Launching server at http://localhost:43141


In [14]:
server.stop()

In [15]:
# now just the climate variables
dmap2 = hv.DynamicMap(plotmap, kdims=['species','variable'])
dmap2.redim.values(species=['All'] + data.species_name.unique().tolist(),
                  variable=climate_variables
                 )

In [16]:
# deploy the plot as a app on a Bokeh server
climate_var_map = hv.DynamicMap(plotmap, kdims=['species','variable']
                               ).redim.values(species=['All'] + data.species_name.unique().tolist(),
                  variable=climate_variables
                 )

pn.panel(climate_var_map).servable(title='Climate variables interactive map')

server = pn.serve(climate_var_map)

Launching server at http://localhost:46779


In [17]:
server.stop()

For a second type of plot, I showed the relationship between pairs of fruit/climate variables with an interactive scatter plot. 

In [18]:
def plot_scatter_colored(x, y):
    return hv.Scatter(data, kdims=[x, y], vdims=['species_name', 'accession']
                     ).relabel(""
                              ).opts(xlabel='Climate variable', 
                                    ylabel='Fruit variable',
                                    color = 'species_name', cmap=tomato_species_colors,
                                    size = 5, 
                                    #marker = '*',
                                    legend_position='right',
                                    width=600, height=420,
                                    tools=['hover']
                                   )

In [19]:
dmap = hv.DynamicMap(plot_scatter_colored, kdims=['Climate_variable', 'Fruit_variable'])
dmap.redim.values(Climate_variable = climate_variables,
                  Fruit_variable = fruit_variables
                         ).opts(norm=dict(framewise=True))



In [20]:
# deploy the plot as a app on a Bokeh server
fruit_vs_climate = hv.DynamicMap(plot_scatter_colored, kdims=['Climate_variable', 'Fruit_variable']
                                ).redim.values(Climate_variable = climate_variables,
                  Fruit_variable = fruit_variables
                         ).opts(norm=dict(framewise=True))
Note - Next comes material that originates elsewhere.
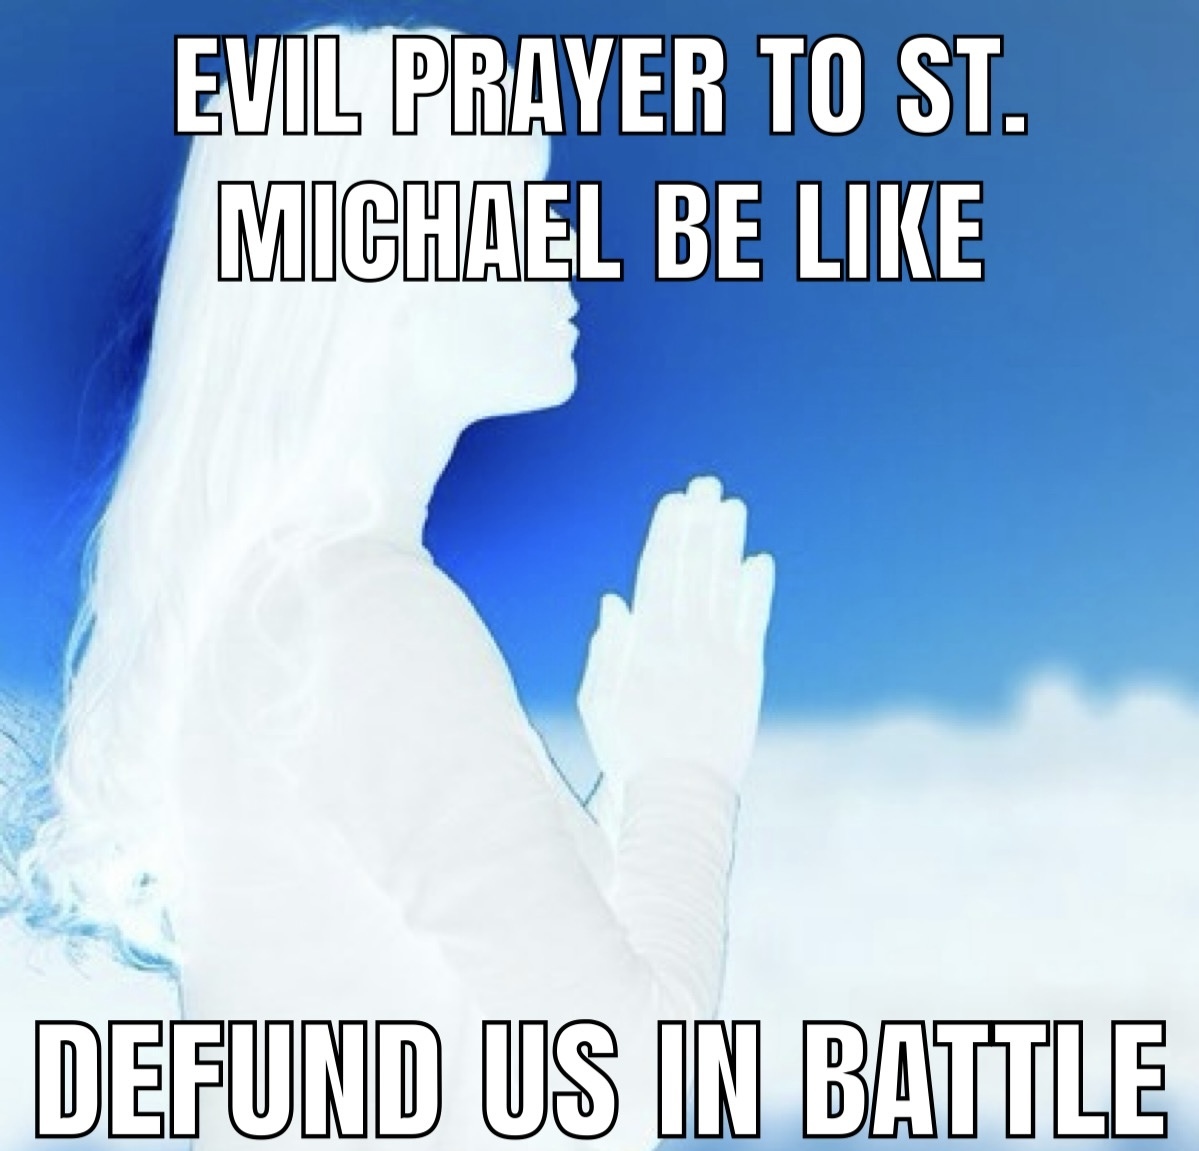 Inverted picture of outdoor silhouette of someone praying. Top: "Evil prayer to St. Michael be like". Bottom: "Defund us in battle".
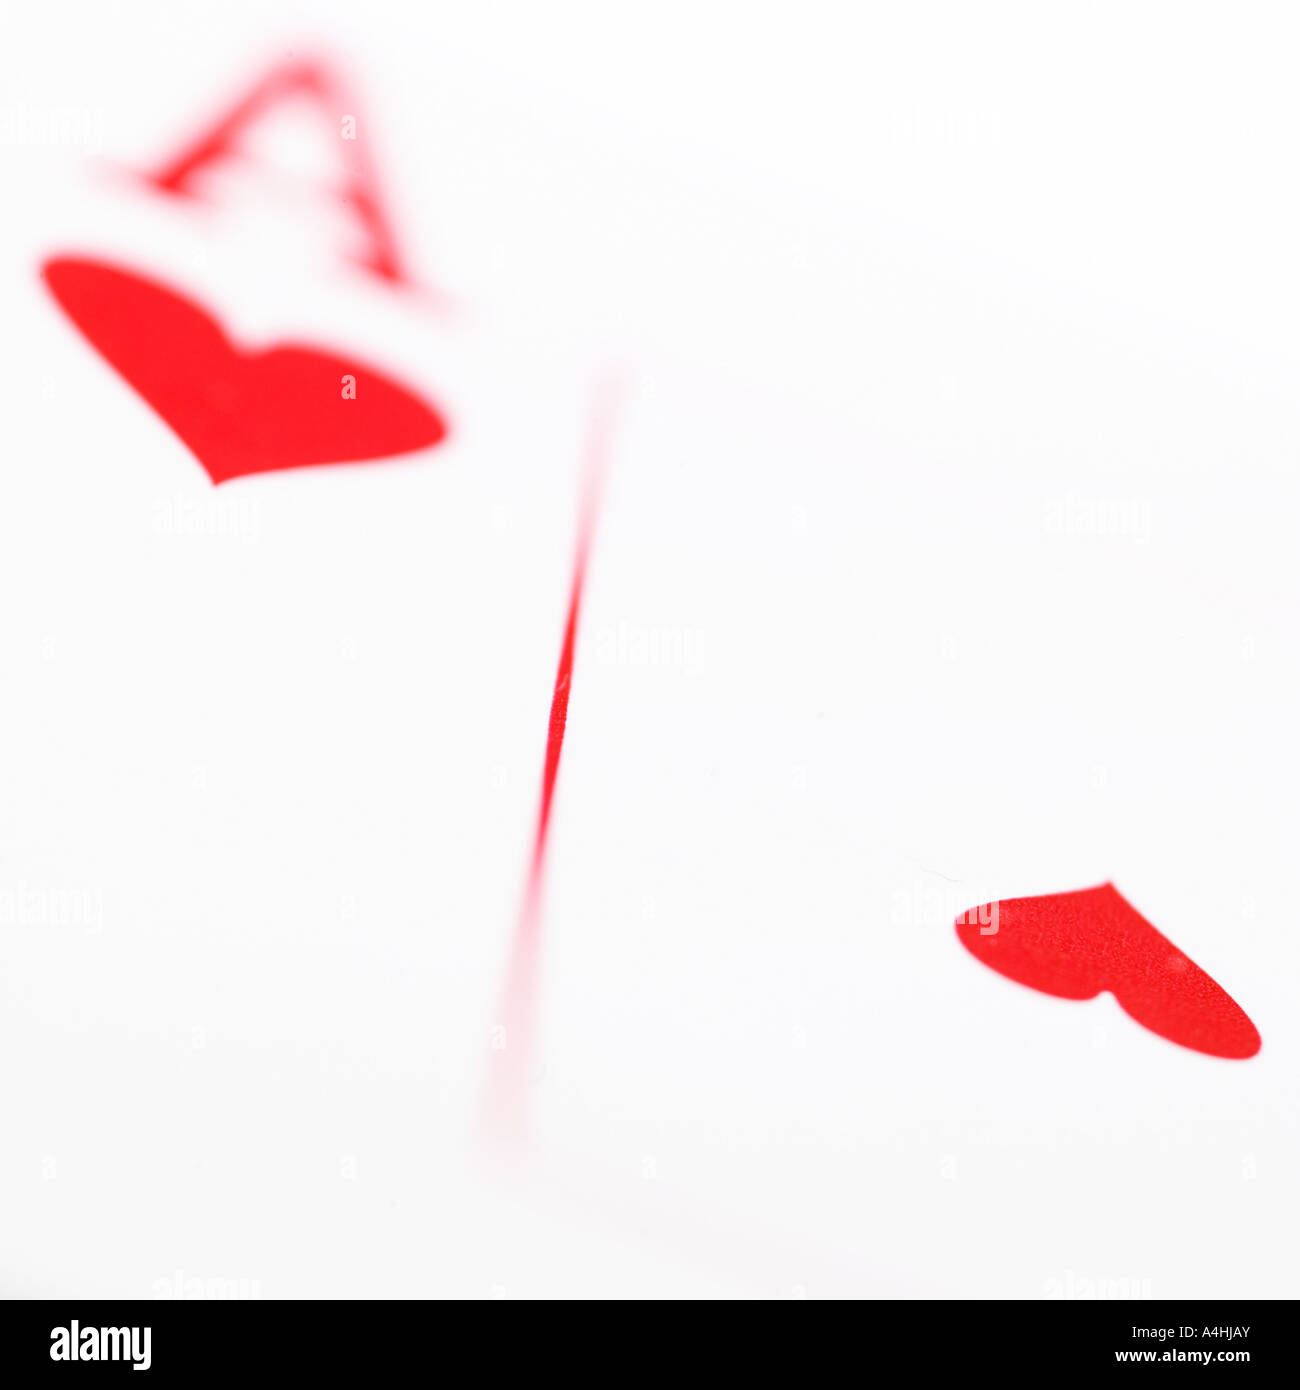 ace of hearts close up with shallow depth of field Stock Photo

pn.panel(fruit_vs_climate).servable(title='Fruit vs. Climate variables interactive scatter plot')

server = pn.serve(fruit_vs_climate)

Launching server at http://localhost:37335




In [21]:
server.stop()

# Lessons learned, future work etc.


These interactive plots are super cool! They will be very valuable for the next stage of my dissertation, as I explore the relationships between climate and fruit trait variables. Any interesting patterns I find will be tested with more formal statistics. 

One thing I would like to do next is put these plots on a website in a way that preserves their full interactivity. That way I can share a link for other people to explore the data on their own computers.